Что же касается конфликта между универсальностью, широтой, глубиной и практико-ориентированностью, я думаю, что такого рода конфликт заложен в природе университетского образования. Более того, как мне представляется, если он будет решен в пользу любой из этих двух составляющих, университетское образование пострадает.
В нем всегда должен быть внутри этот конструктивный конфликт, потому что, если побеждает только ориентация на практику, на рынок, то, практически, сам университет исчезает. Но если университет ориентируется только на формирование знаний, не глядя на потребности окружающего мира, он постепенно вырождается.
Вот этот конфликт и есть продуктивный конфликт, который поддерживает тысячу лет университет как институцию, как организацию.
— ЕГЭ – это шаг к развалу образования или, на Ваш взгляд, к спасению?
— Не знаю. Я бы посоветовал Вам обсудить это с людьми, теснее связанными со школой.
— К нам поступают студенты, которые сдают теперь экзамены по-другому. Знают, сколько пуговиц на сюртуке у Чичикова…
— Я спокойно отношусь к ЕГЭ. Эта система меня не радует, результаты ее работы мне не нравятся. Но я знаю хорошо ту систему, которая предшествовала ЕГЭ — систему вступительных экзаменов. Я твердо уверен, что хуже ничего быть не может. Это так чудовищно, что никакой ЕГЭ на этом фоне уже ничего не испортит. Почему? Потому что это система институционализации коррупции в университете.
— А ЕГЭ не может перевести коррупцию из одной инстанции в другую – из университета в школу?
Может, хотя скорее не в школу, а в органы местного управления образованием. Вроде бы там есть хотя бы технология, с помощью которой с коррупцией можно бороться.

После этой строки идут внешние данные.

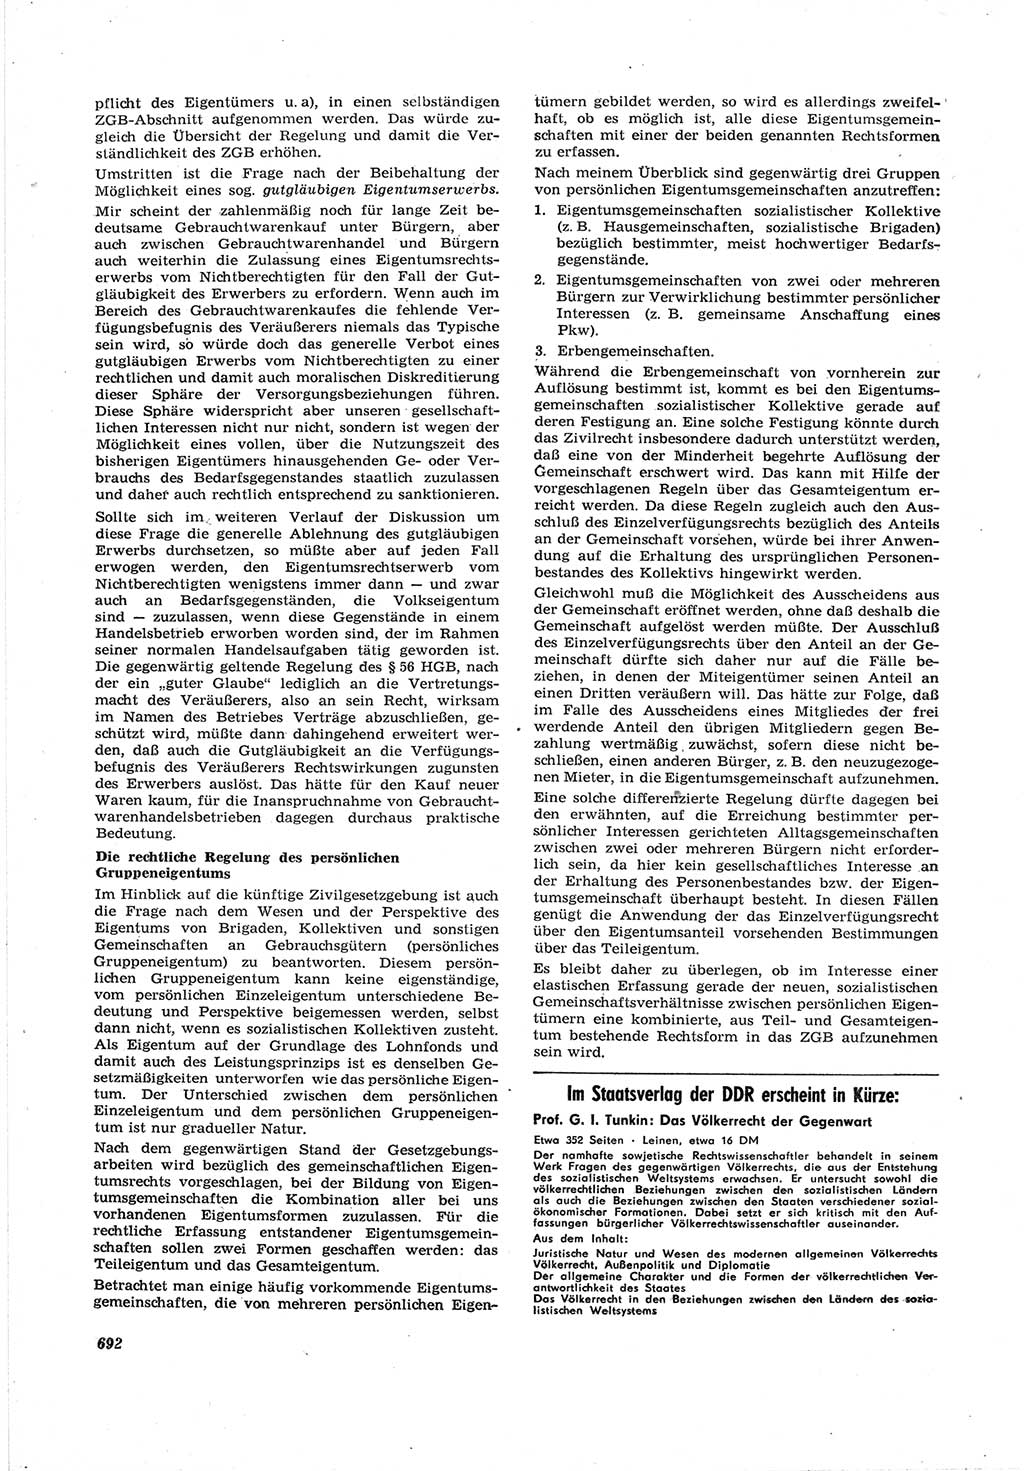 Neue Justiz (NJ), Zeitschrift für Recht und Rechtswissenschaft [Deutsche Demokratische Republik (DDR)], 17. Jahrgang 1963, Seite 692 (NJ DDR 1963, S. 692)
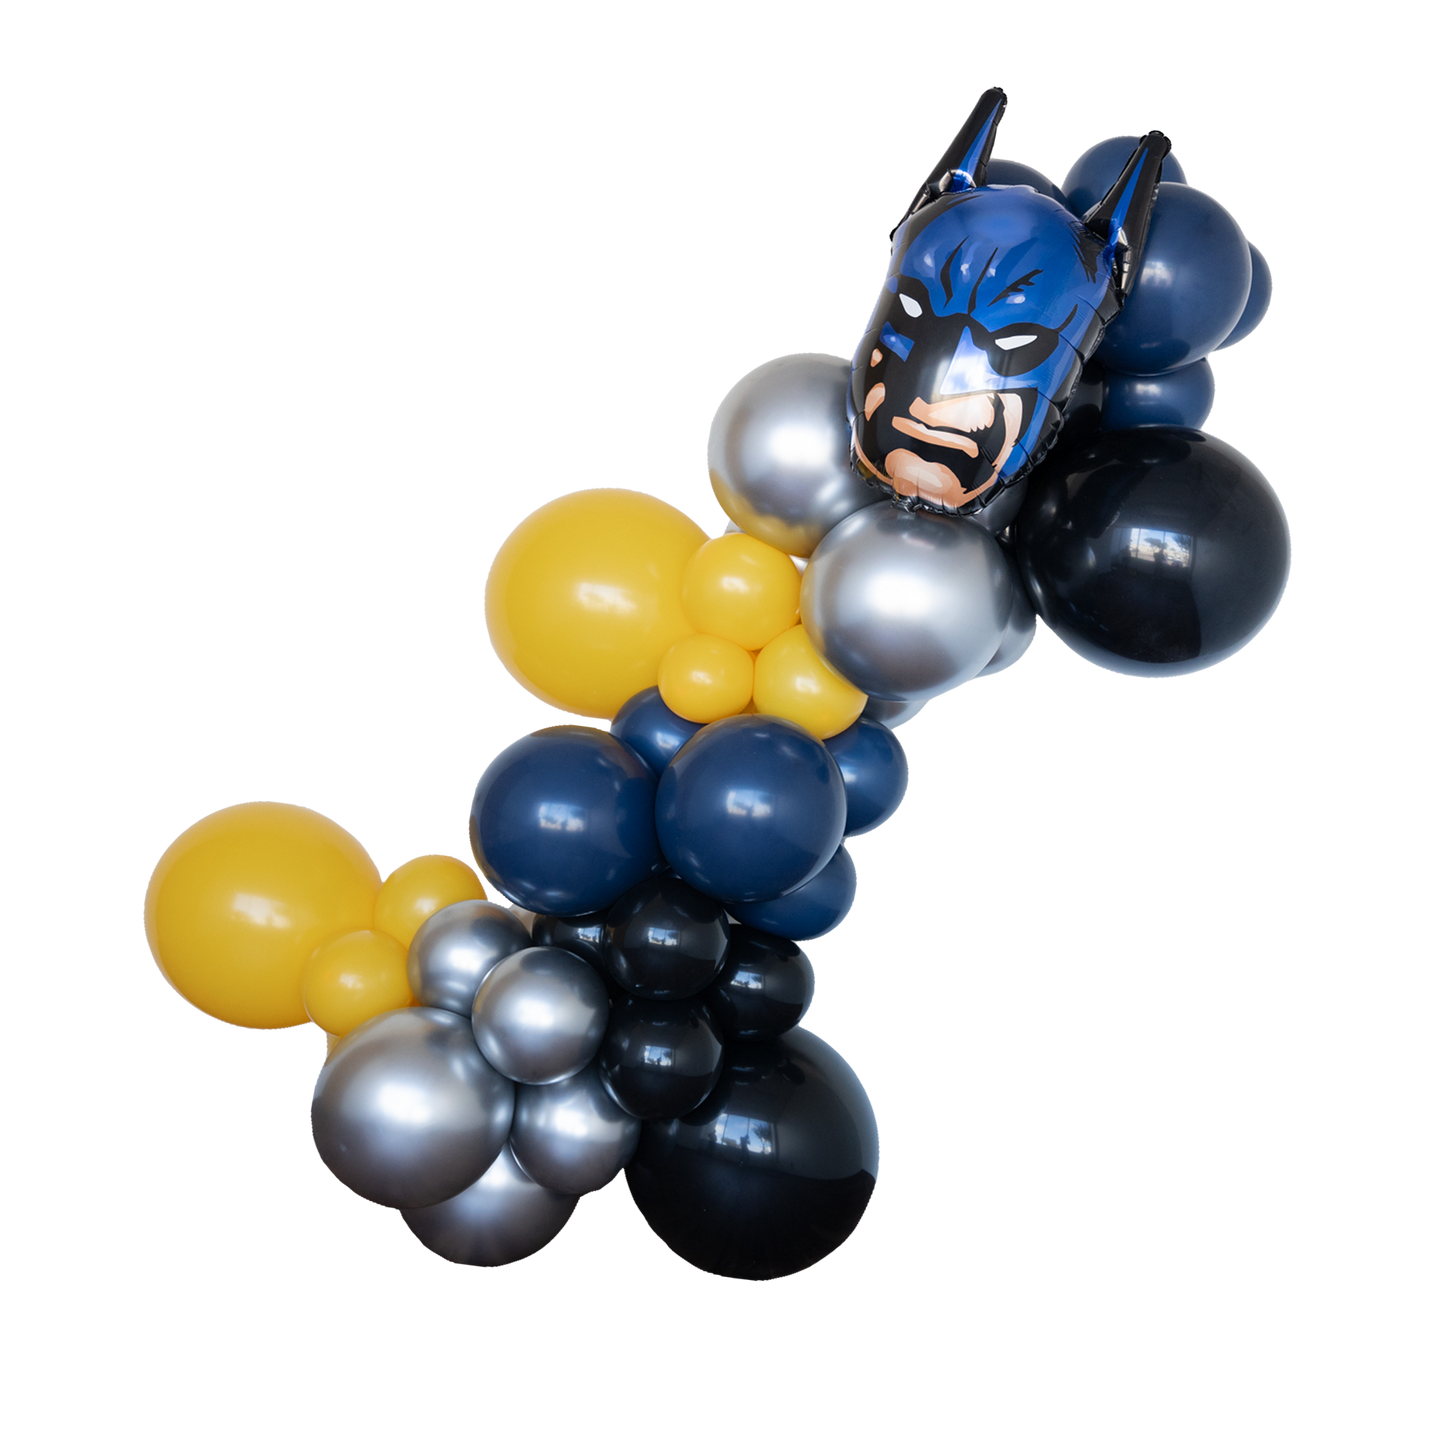 Batman - Arkham Asylum  Balloons Party Supplies Mylars Party Rentals Whole  Sale Balloons

Но скажу цинично, потому что я нахожусь со стороны высшего образования, меня меньше волнует РОНО. Но коррупция в высшей школе, я её видел, я наблюдаю этот кошмар, от этого у меня болит сердце. Чиновник коррумпированный – это драма, а коррумпированный преподаватель – это трагедия.
ЕГЭ — довольно скверная система. Но вопрос в том, чем её заменить. Вернуться назад к вступительным экзаменам — вернуться к худшему. Скажем, например, то обстоятельство, что социальная мобильность людей с окраин резко увеличилась, даже при коррумпированных, плохо организованных ЕГЭ, означает, что какая-то цель уже достигнута. Поэтому вопрос, на мой взгляд, не в ЕГЭ.
Вероятно, можно продумать модель западного типа, где национальные тесты — один из факторов, важный, но не единственный. Идеальную систему точно нельзя сделать, но наверняка можно придумать модель лучше существующей.
— В Академии народного хозяйства каким образом происходит реформирование высшего образования, в чем состоит сегодня новизна того подхода, который предлагаете Вы?
— В Академии Народного Хозяйства происходит много всего. Я работаю на факультете государственного управления, и то, что мы стараемся там сделать — лишь часть общей картины.
Мы не ставим перед собой утопической задачи – поменять все и немедленно создать образовательную утопию, но мы рассчитываем серьезно продвинуться вперед и в тех рамках, в которых это возможно, здесь мы, собственно говоря, это уже делаем 3 года.
Здесь сложилась, на мой взгляд, группа единомышленников, мы примерно все понимаем (не скажу одинаково, но близко) свою задачу. Это понимание уточняется на протяжении уже трех-четырех лет в ходе непрерывных обсуждений и разговоров. И у нас есть представление о том, что образование высшее бакалаврского уровня надо двигать в тех направлениях, в которых я вам рассказывал.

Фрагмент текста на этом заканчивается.